Embolization of the splenic artery either preoperatively or intra- operatively has also been practiced to achieve the same desirable effects of ligation.26-32 Takahashi et al. with preoperative embolization of the splenic artery concluded its safety and considered it as a useful adjunct.28 While Naoum et al. evaluated the role of concomitant intraoperative splenic artery embolization in an effort to reduce the risk of bleeding and have shown reduced blood loss, operation time and conversion rate.29 Splenic artery embolization and injection of adrenaline into the splenic artery has been used in large spleens to reduce bleeding followed by splenectomy.
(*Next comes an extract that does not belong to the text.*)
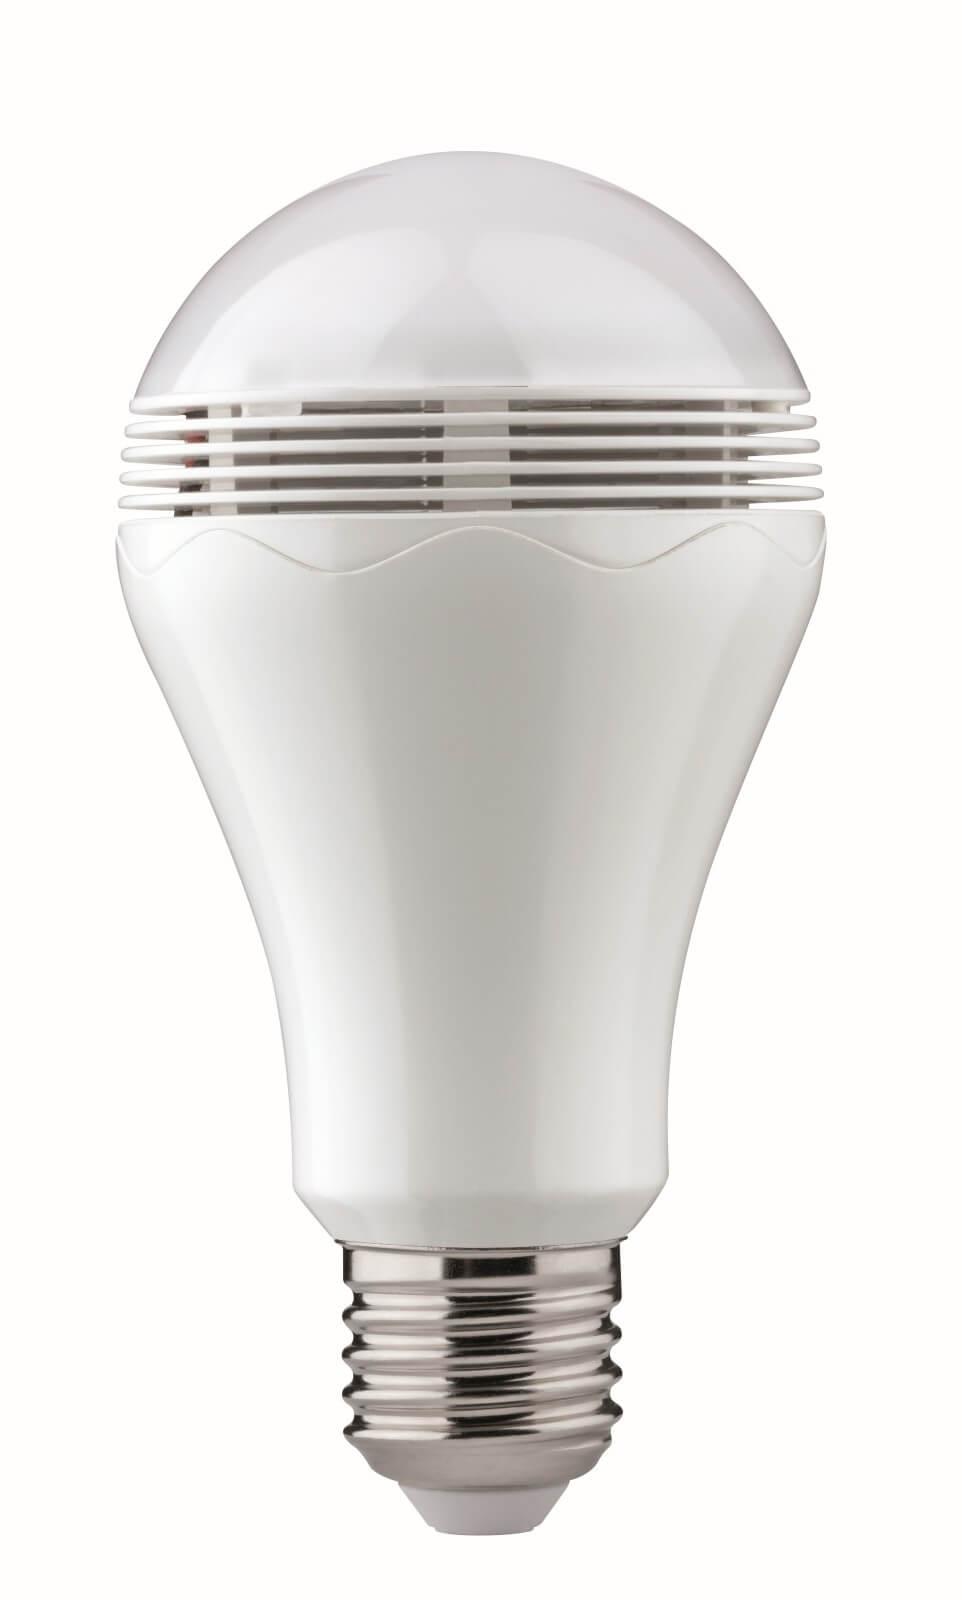 Paulmann LED-Lampe mit integriertem Bluetooth-Lautsprecher | Smart ...

Operative strategy was dependent on the size of spleen and experience of the surgeon. We used the conventional anterior supine approach.33-37  The control of the splenic artery was straightforward in this approach in the lesser sac. We delayed the ligation of the splenic vein to reduce the risk of any significant bleeding. The use of ultracision shears in particular  was very useful in maintaining a blood less field. Lagausie et al. in their anterior approach have shown elective splenic vessel endoligature in decubitus position was a better and safer approach than the other techniques. Other authors have found it convenient in lateral or posterior-lateral positions.14-16

Any further bleeding after ligation of vessels was minimal and usually secondary to splenic capsule tear and not a direct loss of blood. As in other laparoscopic procedures, where larger specimens were removed, the use of an accessory incision was well accepted and had advantages over the fully open approach. We have chosen infra- umbilical abdominal incision (Pfannenstiel) as this was usually less painful than supra-umbilical incision.
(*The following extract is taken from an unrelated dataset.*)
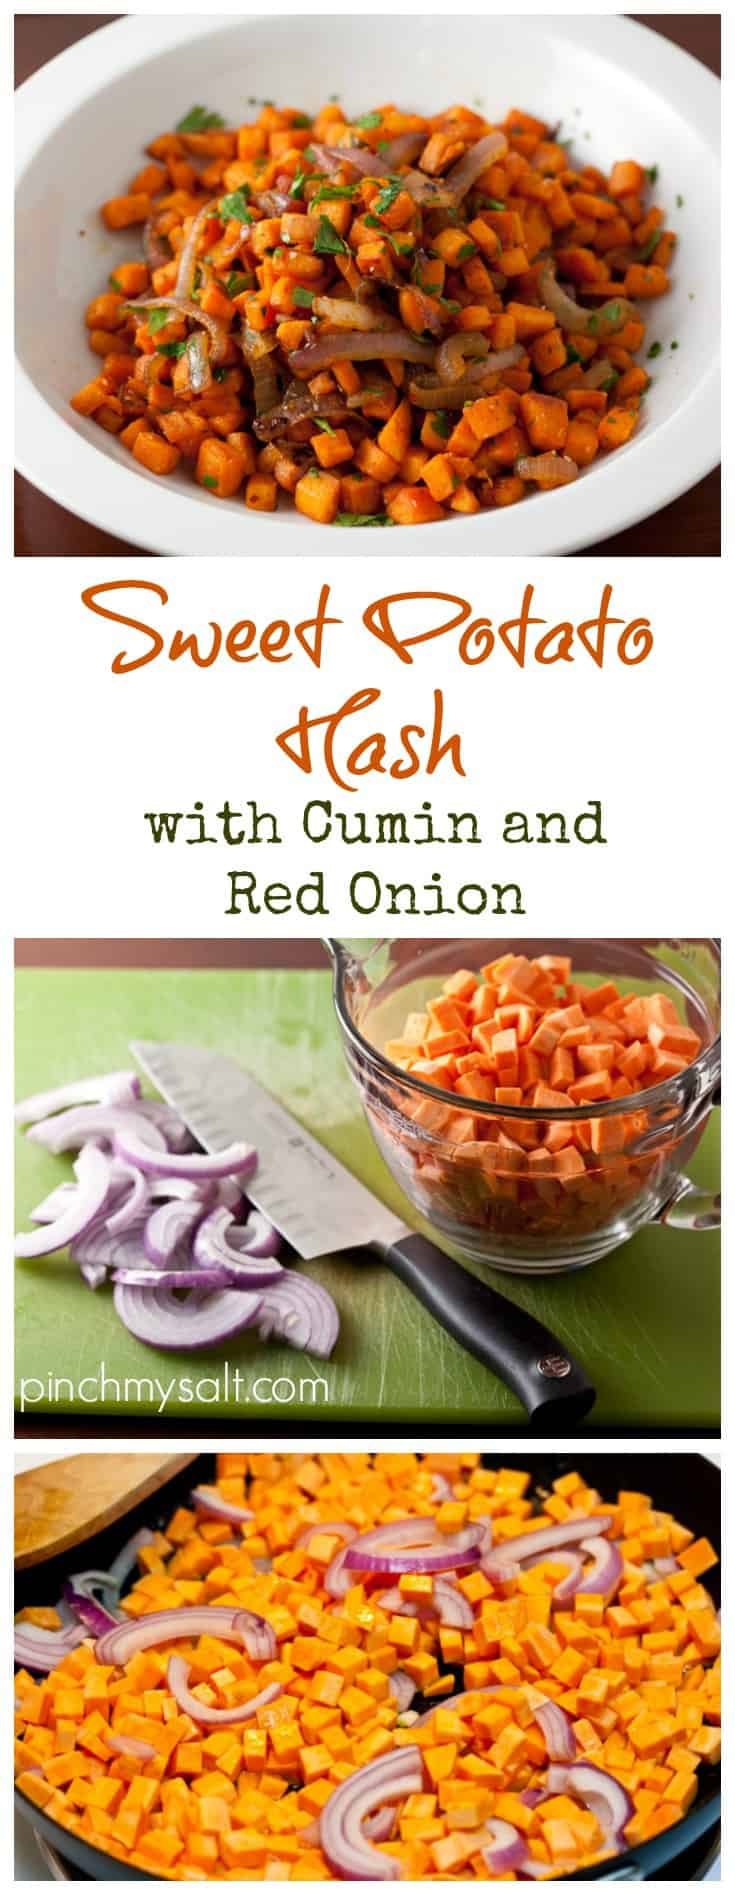 Sweet Potato Hash with Cumin and Red Onion | pinchmysalt.com

Compared to  conventional  open  splenectomy, laparoscopic splenectomy enjoys the advantages of minimal access surgery of faster recovery, short hospital stay, less wound related and postoperative complications. The laparoscopic approach facilitated concomitant surgery and the intra-operative  search for the accessory spleen. Our study showed that with early ligation of the splenic artery and delayed ligation of the splenic vein, there was minimal blood loss and bleeding during surgery and laparoscopic splenectomy was successful in all cases without conversion.

Thus, the practice of early ligation of splenic artery facilitated the laparoscopic splenectomy and decreased the chances of conversion to  open surgery. Overall,  Laparoscopic splenectomy should be considered as a procedure of choice in hematological conditions with normal size spleen. Furthermore, the success rate is high in expert hands with pre-emptive vascular control of the splenic vessels.


The author reported no conflict of interest and no funding was received on this work.